Auditing and logging for HIPAA

Auditing and logging are an important part of the HIPAA Security Rule, but the rule contains no specifics on this requirement. According to HIPAA Security Rule – 164.312(b):“Implement hardware, software, and/or procedural mechanisms that record and examine activity in information systems that contain or use electronic protected health information.”  The closest we get to any specifics is that we should have: “Procedures for monitoring log in attempts and reporting discrepancies.”

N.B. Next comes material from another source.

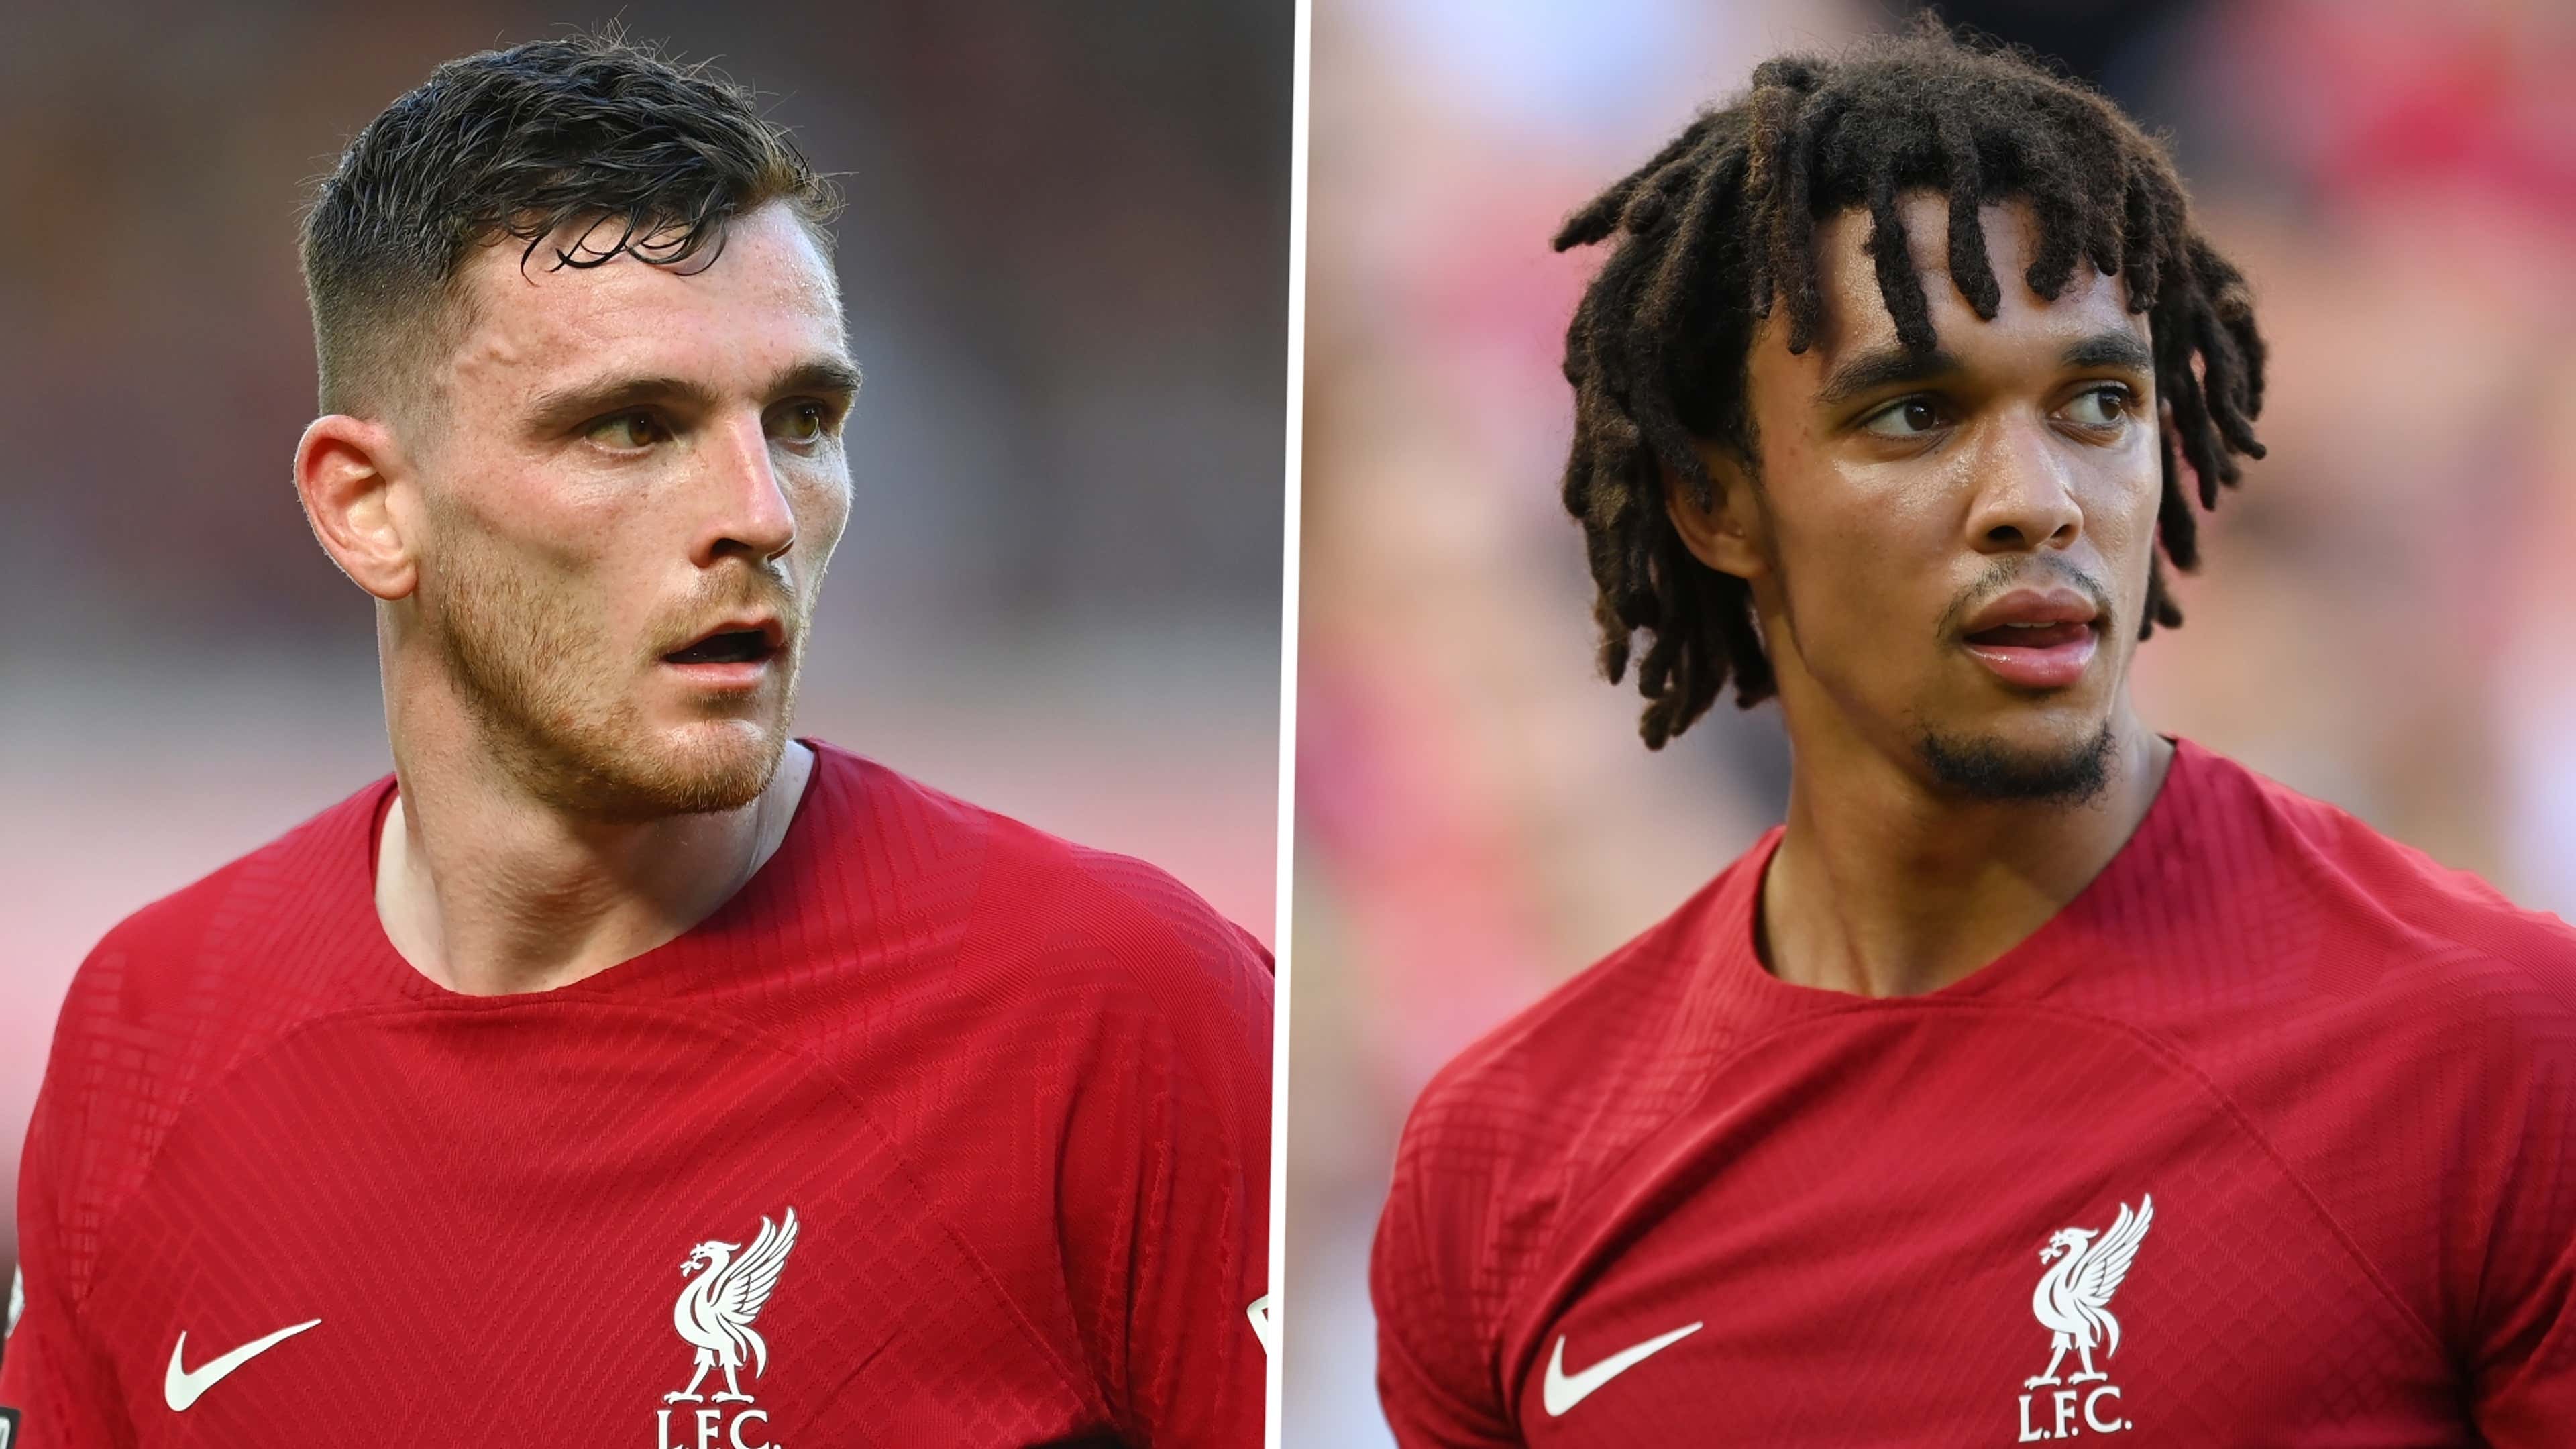 In good shape' - Hendo and Robbo assess win over Man City - Liverpool FC

Because this is vague, we often hear people say that HIPAA either doesn’t require very rigorous monitoring or that its requirements are at best minimal. However HIPAA being vague actually requires a little more rigor, based on the requirements above HIPAA is saying that all access, both success and failures, to electronic protected health information (ePHI) should be monitored and logged and be accessible in the case of a breach. You should be able to go back to your logs and investigate what data was accessed, conduct forensics to try to figure out how that data was accessed in an unauthorized way and who may have been the person or entity that accessed it, and determine if/how data was altered. HIPAA covered entities and business associates should be able to determine who, what, when, and how the ePHI was accessed.

The first step in doing this is to know where your ePHI lives. Is it in flat files on home drives, like word files or excel spreadsheets? Is it in an electronic health records program? Is it in a database such as Microsoft SQL? Then we need to review how these files are accessed. Through file shares? Through a front end application? A web portal? Is the access only from the on premise network, or is it across the internet? Is there remote access involved? Is it via a VPN or a VDI host? Then we need to look at devices and systems that secure this data, firewalls, IDS/IPS, end point protection. Having all of that mapped out we now know what should be monitored for at a minimum as HIPAA says “log-in attempts and reporting discrepancies”.

Next we need to put context around these logs, we could easily be seeing over 10,000 logs a day or more how do we determine what of those logs are critical and need to be investigated versus logs that just need to be maintained? How do we secure and retain these logs as they build over time? Usually this would require a few full-time employees dedicated to tuning the system, monitoring the logs and responding to incidents. Another option is to use a 3rd party to perform this for you. A managed security services provider (MSSP) that manages security operations centers (SOCs) is an option.

However you decide to do it there is no question that both covered entities and business associates are required to perform monitoring and alerting and that its vital to maintaining the ability to secure your patients or your customers protected health information.